The education department is contacting ITT Tech students about their options and plans to host a series of webinars to walk students through the options. Federal officials also plan to partner with states to host in-person transfer fairs at selected locations.

Consumer advocacy groups including the National Consumer Law Center applauded the government sanctions, but pressed for more help for students, including not requiring them to individually apply to have their loans discharged, and for help to allow former students to get relief from their loans.

ITT is the latest closure in a crackdown on for-profit college operators by the Obama administration, which has said the industry harms students by leaving them deep in debt and unable to find well-paying jobs. The administration, along with several state attorneys general, launched investigations or legal actions against for-profit providers over their recruitment practices, placement rates and costs.

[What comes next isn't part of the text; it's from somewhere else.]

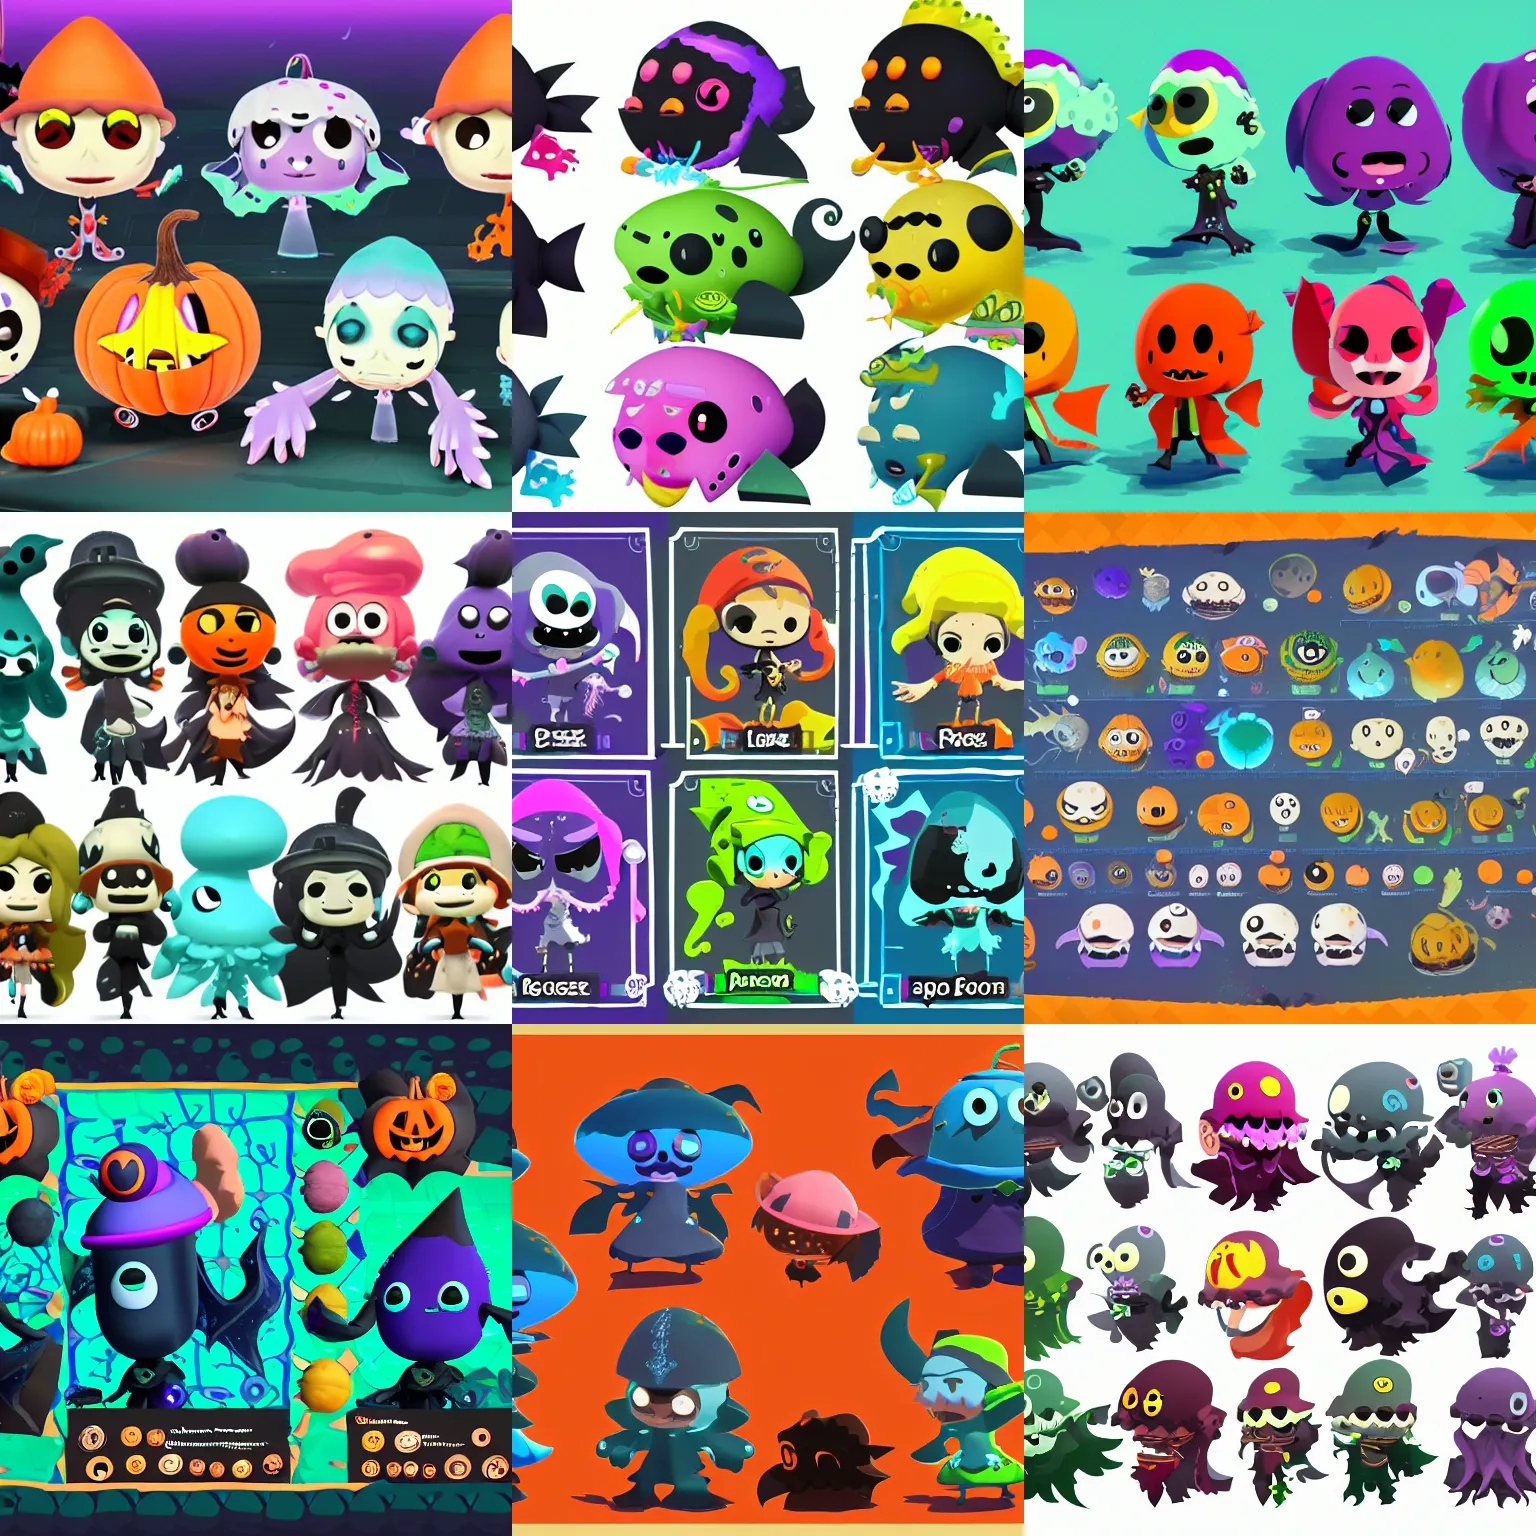 Prompt: character designs for background deep sea fish npc characters of various shapes and sizes during a Halloween splatfest in the Splatoon franchise by Nintendo, high resolution
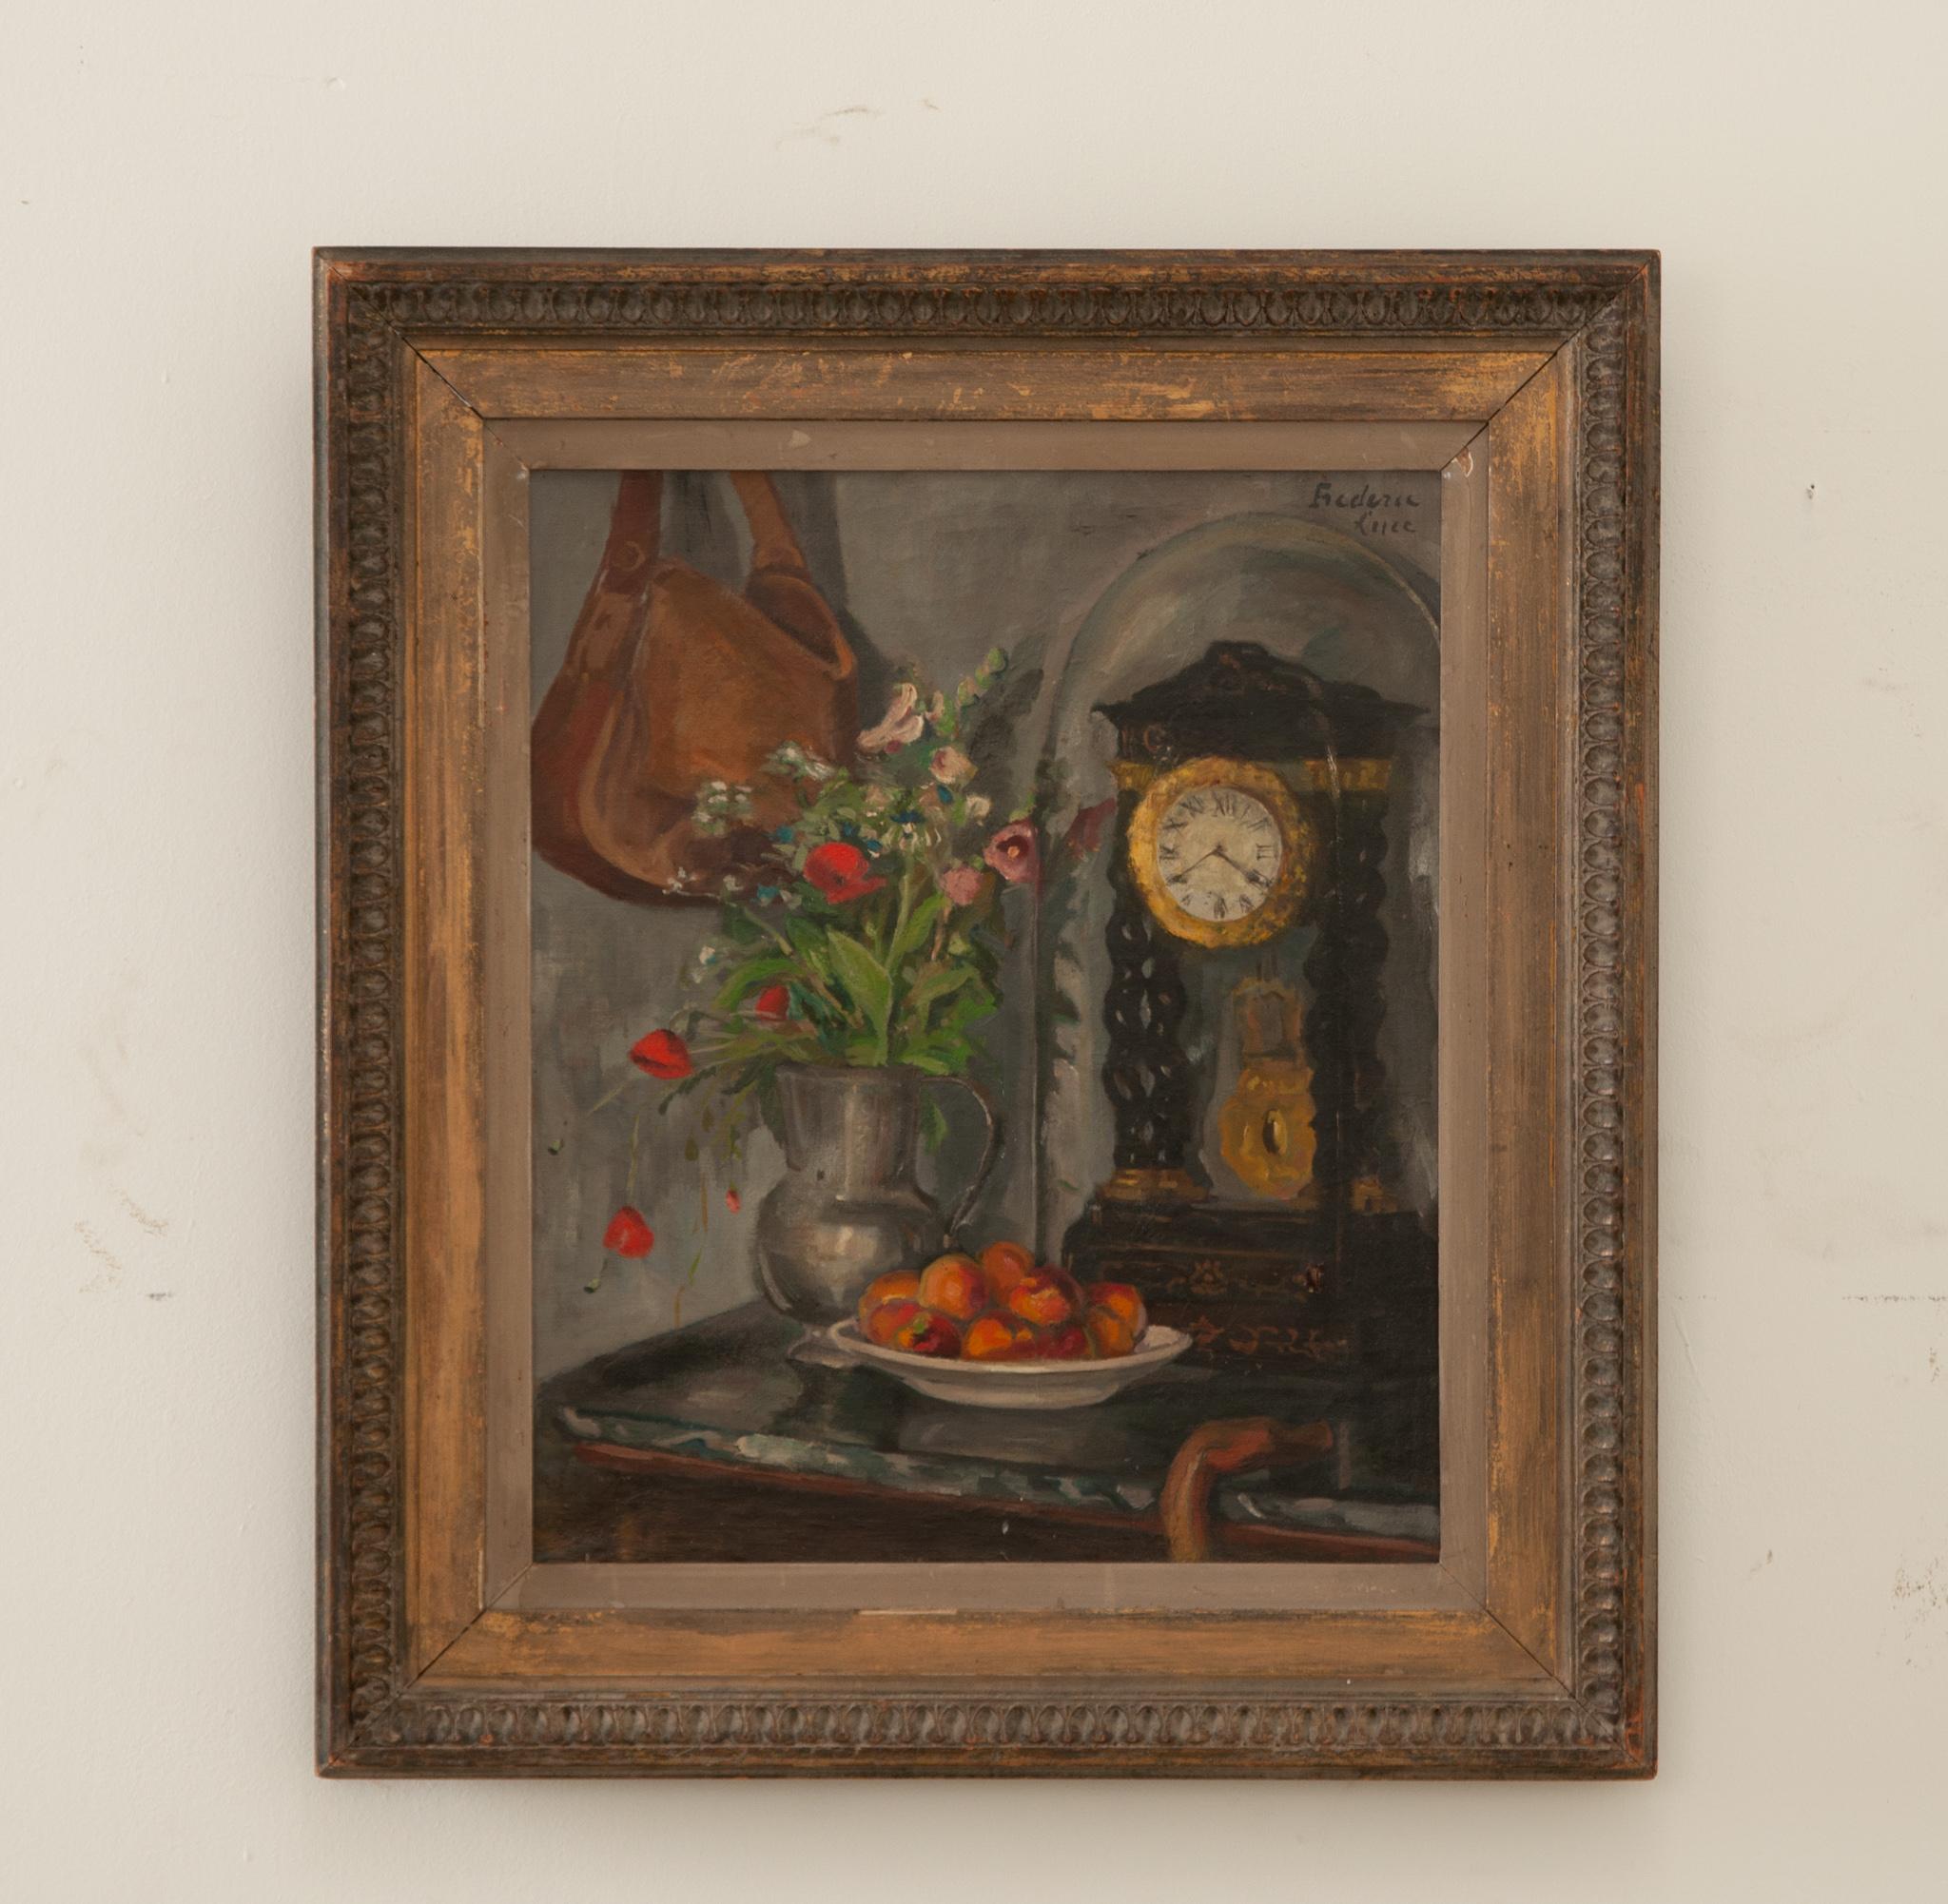 An Impressionist style antique oil painting from 19th century France. This work exhibits an array of attractive objects on a marble tabletop. The viewer's eye is drawn first to a handsomely rendered bowl of fruit in front of a silver pitcher of

The crackdown has had a big impact on the industry. In June, Education Management Corporation, the for-profit operator of Brown Mackie College, announced plans to close most of its 26 campuses, including its Atlanta location, over the next few years. The parent companies of Sanford-Brown, the Art Institutes and Le Cordon Bleu all announced closings or sold some of their campuses last year. Westwood College froze enrollment at all its campuses in December. The most notable for-profit sanctions led to Corinthian Colleges — which operated Everest, Heald and WyoTech campuses — to cease operations following state and federal legal challenges. Atlanta's Everest campuses were sold and are now operated by another company.